Внезапно, переключая канал, эта временная передышка исчезает. Нет больше тишины, нет более зоны комфорта.

Из моей руки падает на пол кусочек пиццы. Я кричу, и Грета в ужасе подпрыгивает на диване, как будто её укусил питон. Я показываю пальцем на экран, как будто хочу указать самой себе на то, что вижу, чтобы быть уверенной, что не пропущу это.

На «Вечернем Шоу» канала NETWORK2 присутствует мужчина, который...

Нет, это не тот, кто похож на него, это именно он. Харрисон Дьюк, гость передачи Терезы Мэннинг, записанной в театре Эда Салливана.

Встаю перед телевизором, буквально парализованная. Единственное, что во мне движется — это сердце. Оно продолжает бить по рёбрам, подпрыгивая, подпрыгивая, подпрыгивая, пока у меня не начинает кружиться голова, заставляя пошатнуться.

На этот раз это он, а не кто-то, кто мне напоминает его.

Это он, и одет не в кожаную куртку и грязные сапоги, но ушёл не далеко от этого образа.

Харрисон укоротил волосы и бороду, но не настолько, чтобы казаться подходящим для салона.

В нём ещё присутствует дух, как в Вайоминге: та дикая аура, тот сварливый взгляд.

Если бы я искала термин, который послужил бы эталоном для сравнения при объяснении, насколько он привлекателен, я бы не смогла найти ничего другого, кроме его имени.

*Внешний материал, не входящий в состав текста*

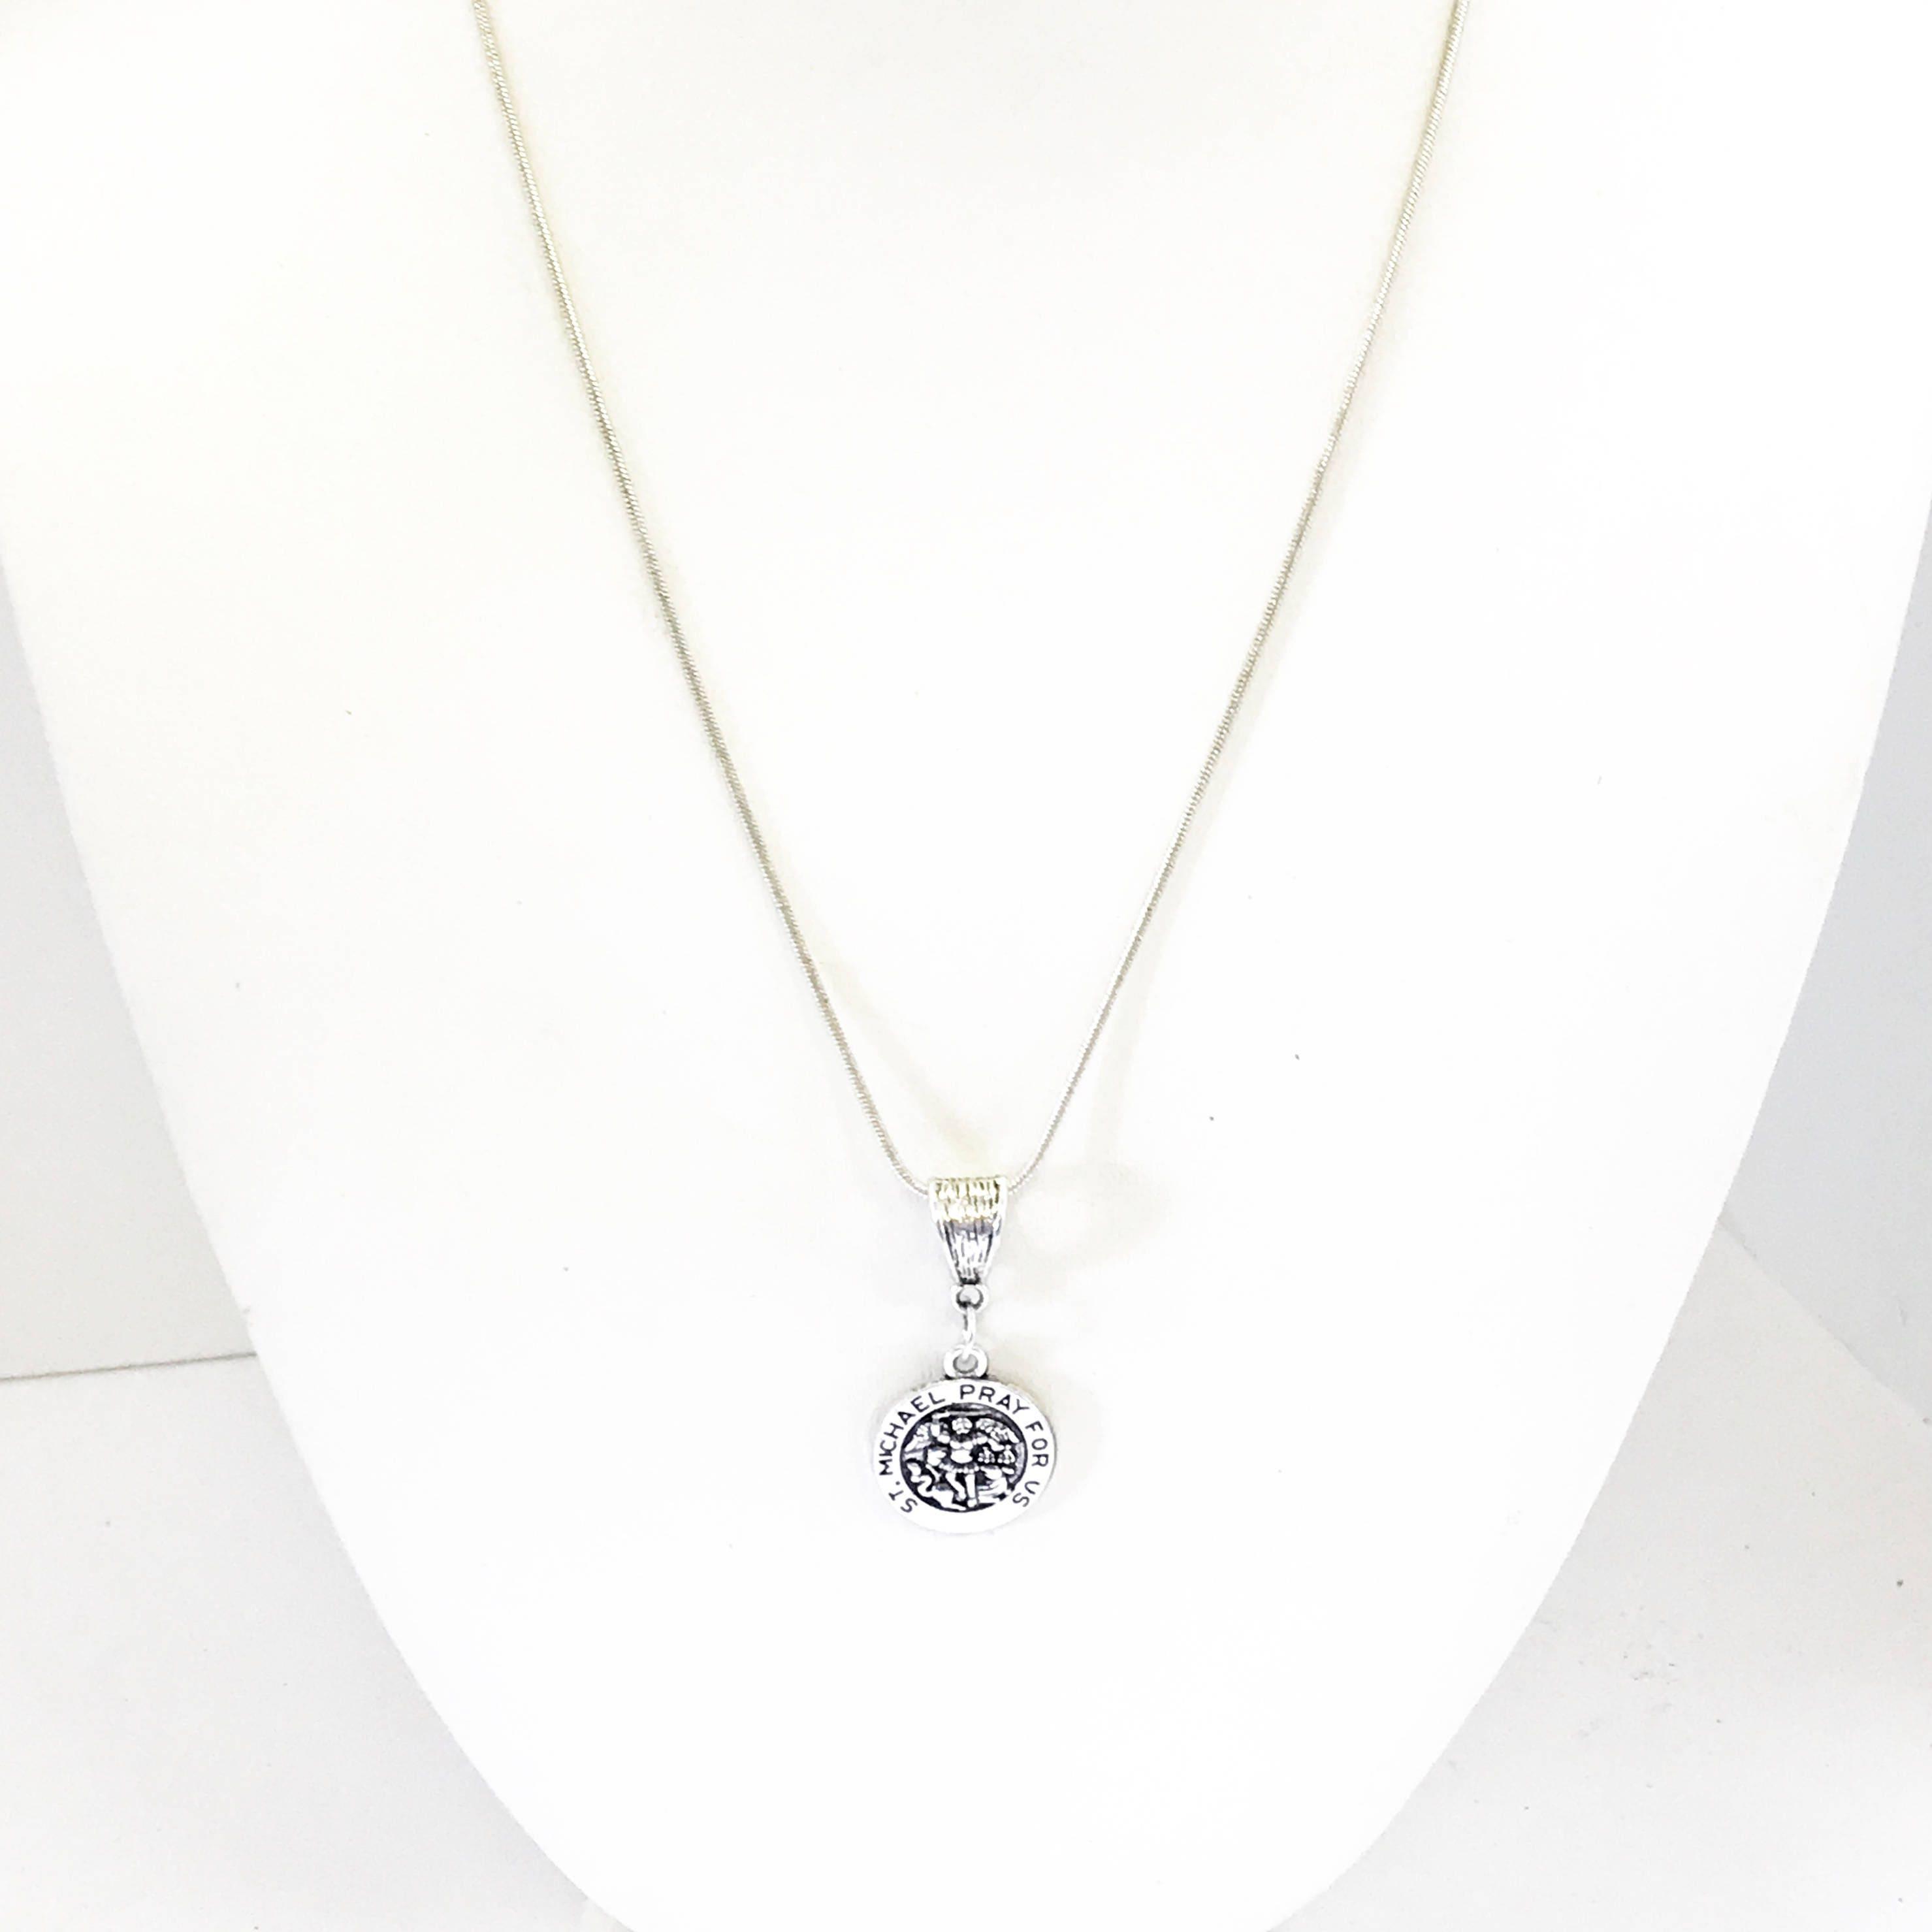 St  Michael Silver Necklace, St Michael Pendant, Patron Saint Jewelry

Такой же сексуальный, как Харрисон Дьюк.

Одет в повседневную рубашку, джинсы, которые, конечно же, не принадлежат ни одному бренду, и ботинки, похожие на те, которые носят мотоциклисты. Дьюк сидит, как фермер садится на тюк с сеном, когда курит сигарету, прежде чем вернуться к разгребанию навоза. Никакой элегантной позы, одна рука вытянута вдоль спинки дивана, ноги удобно расставлены, другая рука лежит на бедре, почти на уровне промежности брюк. Все будут смотреть туда, я уверена, все будут смотреть на эту руку, задаваясь вопросом, если и «остальное» этого неожиданного ковбоя, с плечами, делающими предназначенный для гостей диван, похожим на игрушку, находится на уровне его внушительного телосложения. Без сомнения, будет место, где зрителей заинтересует его новый роман, но не здесь. В этом интервью Харрисон Дьюк — всего лишь эквивалент сочного куска мяса, выставленный чтобы смочить слюной горло.

Внезапно понимаю — я его ненавижу.

Он вернулся к показухе, которая была во времена его брака с Реджиной. Каким будет следующий шаг: второй раз жениться на этой суке? Разве Дьюк не говорил, что ненавидит публичные выступления и хочет жить в Вайоминге вечно?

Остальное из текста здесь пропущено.